The Carleton University Students’ Association council voted at an emergency meeting Feb. 18 to postpone the referendum on changing the FundQi levy from an opt-out to opt-in service.
Council also voted down an amendment to the referendum that would increase the opt-in FundQi fee by $95, which was proposed by FundQi representatives.
The referendum on FundQi, a service that matches students with scholarships and other funding, was originally scheduled to take place March 2-3. Voting is now scheduled for March 8-9.
The referendum, if passed, would automatically opt students out of paying the $9.99 per-semester fee for the service. Students could then choose to pay for the service.
The voting period for the referendum was moved because the proposed amendment delayed the election planning process, CUSA chief electoral officer Alexa Camick said.
“We had to put a halt to all of the logistical organization for this referendum … to wait for this council meeting tonight,” Camick said. “[The current schedule] is not feasible for the elections team to oversee this referendum.”
Camick said the proposed amendment was brought to her attention on Feb. 15.

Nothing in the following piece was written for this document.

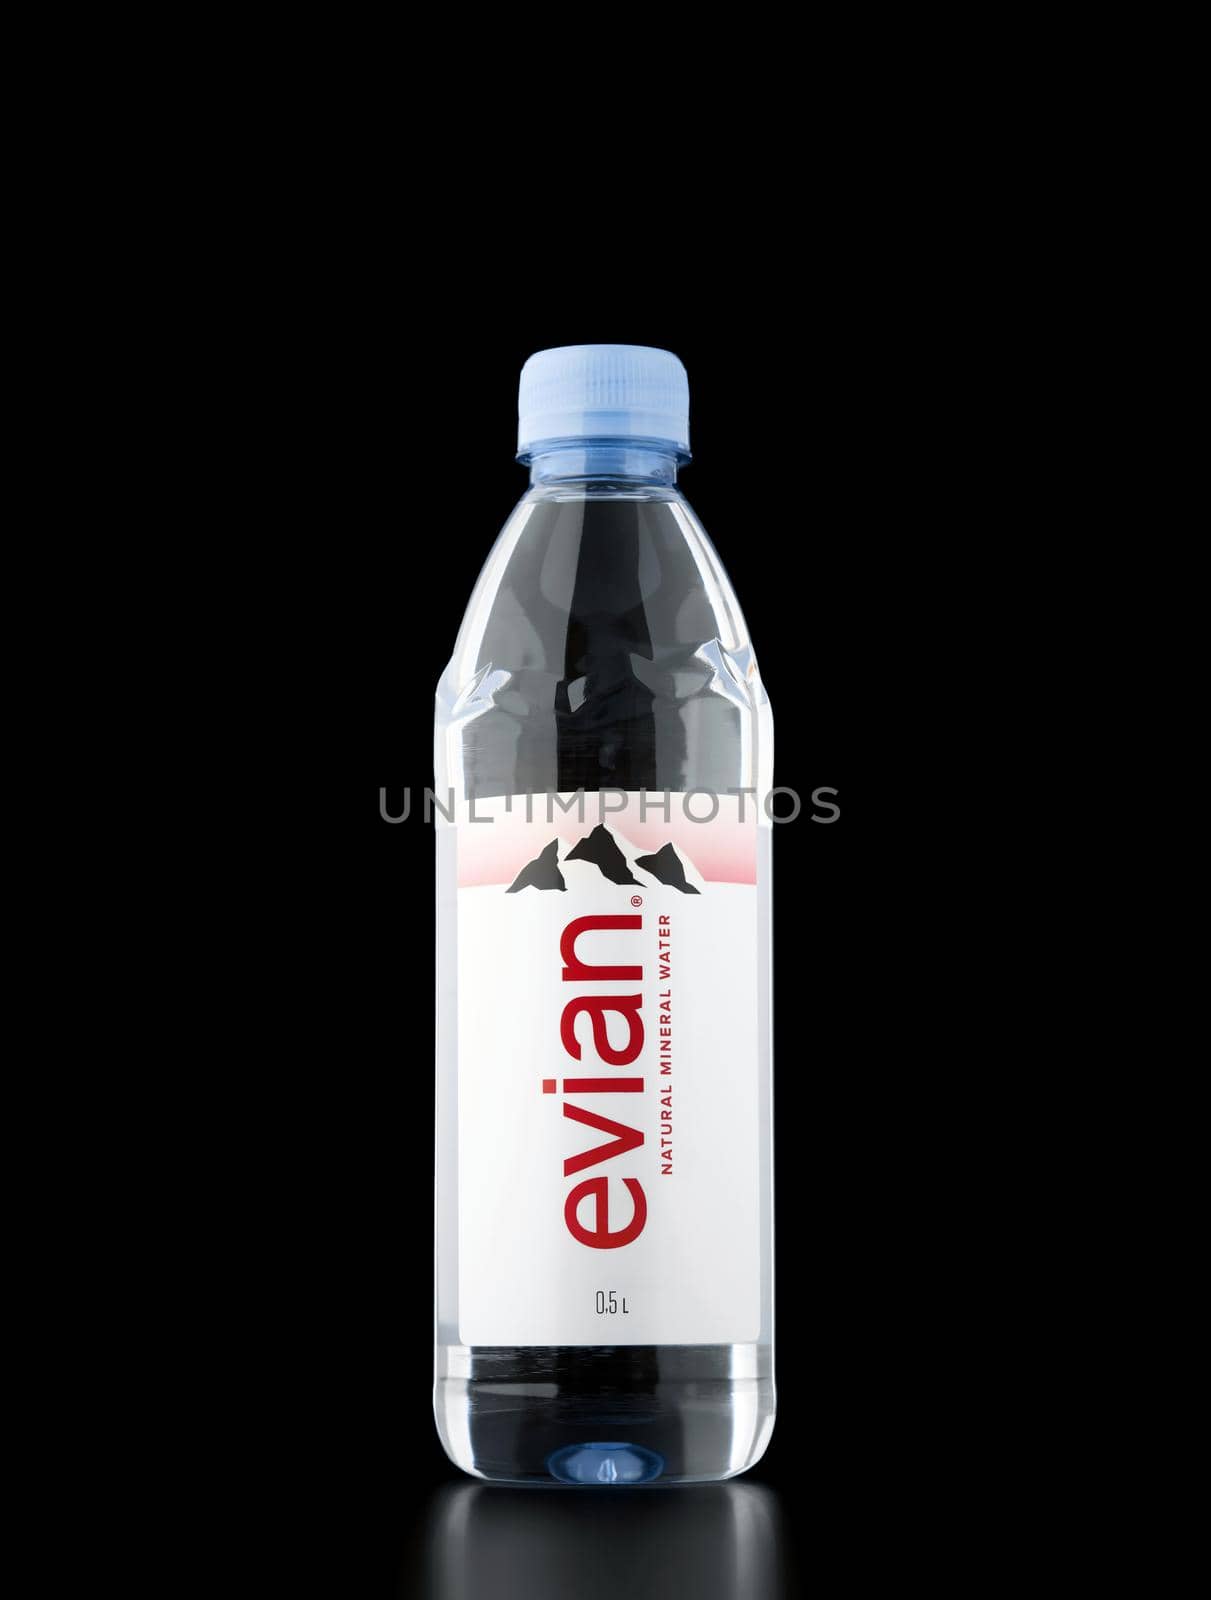 Evian Natural Mineral Water on the black background. Evian is a brand of mineral water coming from several sources near Evian les Bains. 26.12.2021, Rostov region, Russia by EvgeniyQW

The referendum question, as passed by council: FundQi is a grant program currently in use by the Carleton University Student Association hereby referred to as CUSA. A successful referendum will make FundQi no longer a opt out ancillary fee and students will have to opt in to the fee and the service via the FundQi website before they can be charged or get the benefits of FundQi. The cost is $100 per year for a premium FundQi membership. Current students access FundQi premium for $9.99 (subject only to be increased to adjust for inflation) per academic term for a total of $20 per year but may opt out through the FundQi website should they choose to do so and should they be willing to give FundQi personal information for the reimbursement. Do you feel that FundQi should be an opt in only ancillary fee for Carleton students? A yes vote is to make FundQi an opt in only ancillary fee and a no vote is to keep FundQi as an opt out ancillary fee.
FundQi COO Scott Braddon, who attended the meeting, said FundQi would not survive if only a select number of students opt in to the service at a fee of $9.99 per semester.
“We had to push forward with this recommendation on what we, as a company, are able to fiscally offer,” Braddon said. “We just need to acknowledge it’s going to cost a bit more per student.”
The proposed $105 fee would go towards software maintenance and improvement, building the FundQi endowment fund, and expanding the company’s reach, according to Braddon.
Braddon said FundQi was only able to offer a $9.99 fee because all students were automatically paying for it.
Braddon told the Charlatan after the meeting that the company wanted to meet with CUSA executives before Feb. 18 to settle on a new fee that worked for both FundQi and students. That meeting never happened, he said.
“[$105 per semester] is just our best offer that we could make on an estimated guess that would satisfy our needs and CUSA’s needs,” Braddon said. “There was no discussion. It’s like they were scared to talk to us and I don’t know why.”
Braddon said during the meeting he would like to have a longer conversation about the increased fee.
“We’re actually here scrambling too,” Braddon said. “We have no support and no communication. It makes it really difficult … CUSA does need to take some accountability here too. They signed a contract with us.”
Others at the meeting said the $105 fee was an arbitrary number and not backed by FundQi’s financials.
“I don’t understand where these abstract numbers are coming from,” said Matt Gagné, president of the Carleton Academic Student Government (CASG) and president-elect of CUSA.
CUSA first collected the $9.99 per-semester levy for FundQi in the fall 2020 semester after a referendum for the levy passed in January 2020. Students can opt out of the levy at the beginning of each semester.
Council voted in a five-hour meeting on Dec. 10 to hold a second referendum on FundQi to give students another chance to decide whether they want to continue paying the fee.
The motion to hold the referendum passed unanimously after nearly two hours of discussion in December.
At the December meeting, Gagné raised concerns over whether FundQi could be sustained with a $9.99 levy if only a small portion of the student body opted in, the same rationale for the amendment at the February meeting.
FundQi founder Zuberi Attard would not commit at the December meeting to the $9.99 fee and suggested tabling the motion for the referendum then.
“We are unsure if we are able to offer the same level of quality of service [with only some students opting in],” Attard wrote in a public chat message during the Zoom meeting.
Instead, the motion was amended to clarify the fee could only be increased to adjust for inflation.
Campaigning for the FundQi referendum will take place March 1-7. Voting will take place March 8-9.